Сны про не вспомнить - страница 26



Никто не ответил: ни гости, ни охрана, ни те, кто стоял рядом. Тишину нарушил лишь глухой голос Вениамина Степановича:

– Её уже увезли.

Эти слова ударили Игоря, как боец бьет в грудь. Плечи осели, пальцы разжались. Он сделал шаг назад – неуверенный, будто под ногами исчезла земля. Но тут же остановился и поднял голову. Его лицо изменилось: паника ушла, осталось только спокойствие и решимость.

Профессор пристально посмотрел на него снова – с холодной, жёсткой настойчивостью.

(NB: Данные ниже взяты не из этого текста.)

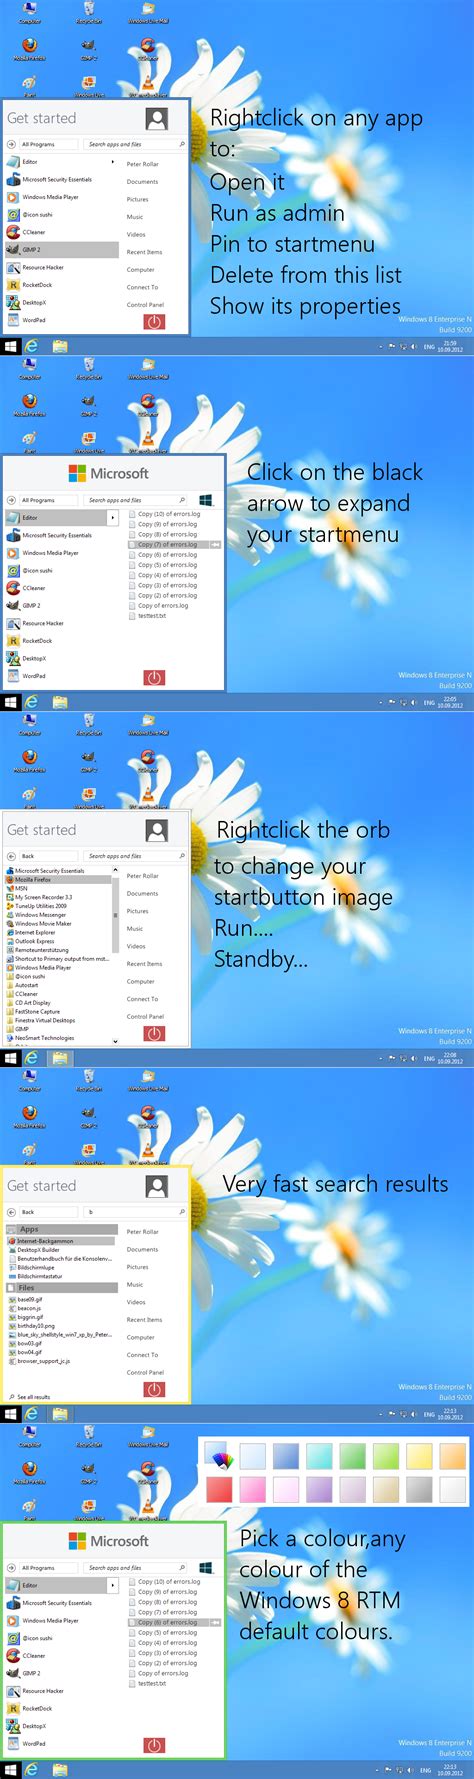 Скачать Скин для программы Vistart в стиле Windows 8 Os Styleru

Голос прозвучал ещё тише, почти без интонации, но в его ровности ощущалось железо:

– Я спросил, что ты здесь делаешь, – процедил он сквозь зубы так, что задрожал воздух.

Глаза Игоря прояснились. Он посмотрел прямо в лицо профессору: спокойно, без угрозы, без мольбы. Этот взгляд был как щит без солдата: ничего не защищал, но ясно показывал, что его появление здесь не случайно.

– Я пришёл, – сказал он, – потому что мы с Софьей были любовниками и собирались пожениться.

Фраза прозвучала просто, без надрыва и пафоса, как констатация, как ключ в замок чужой лжи.

– Мы были вместе, и я имею право знать.

Эти слова повисли в воздухе, сгустившись, словно перед грозой. Кто—то в дальнем углу ахнул, будто случайно вдохнул раскалённый воздух. Кто—то резко отвёл взгляд, оказавшись свидетелем сцены, не предназначенной чужим глазам.

Павел шагнул в сторону, инстинктивно ища опору в стене. Оксана застыла, сжав руки в кулаки до боли. Родион хмыкнул почти беззвучно, но так, что воздух в зале стал тяжелее.

Профессор не двинулся, лишь едва заметно дрогнули веки – это уловил только Игорь.

Молчание сгустилось, превратившись в плотину. Казалось, одно слово – и она треснет. Но никто не решился нарушить тишину.

Игорь продолжал стоять на месте: руки опущены, спина прямая. Он не защищался. Он ждал, и если в этом ожидании была слабость, то только та, которая делает человека непоколебимым.

Профессор не закричал, не вспыхнул внезапно, как закипающая вода. Его ярость поднималась изнутри, как подземный толчок, проявившись в теле раньше, чем в словах. Лицо побледнело, кровь отступила, оставив лишь гнев и нечто более личное, болезненное. Глаза сузились: в них не было безумия, только расчёт, за которым чувствовалось острое чувство. Губы дрогнули, сжались в тонкую линию и вдруг дёрнулись.

Он подошёл ближе – быстро, с напряжением, как человек, потерявший контроль, который прежде всегда удерживал. Рука поднялась невысоко, ладонь резко и точно ударила Игоря по щеке. Не было замаха – лишь короткое, почти автоматическое движение, словно заранее просчитанное.

Звук пощёчины оказался звонким, позорным, прокатившись по залу, как напоминание о чём—то, что нельзя произносить вслух. Он напоминал хлопок двери в пустом доме: дело не в шуме, а в смысле происходящего за ней. В нём была не только физическая сила, но и эмоциональный вызов, предъявленный на глазах у всех. Те, кто стоял рядом, вздрогнули, но никто не шелохнулся. Сама сцена окаменела вместе с ними.

– Что ты несёшь, щенок, – произнёс Вениамин, не повышая голоса. Слова слетали с губ резко, сквозь стиснутые зубы. В них звучало не раздражение, а унижение, удар по собственной границе.

Профессор отступил. Не споткнулся, но шаг его был короче задуманного, будто нога не сразу подчинилась. Грудь резко вздымалась, дыхание стало слышным, как у человека, только что вышедшего из ледяной воды. Руки дрожали не от гнева, а от истощения. Он смотрел на Игоря, как на своё отражение в кривом зеркале – человека, которого не хотел признавать, но не мог игнорировать.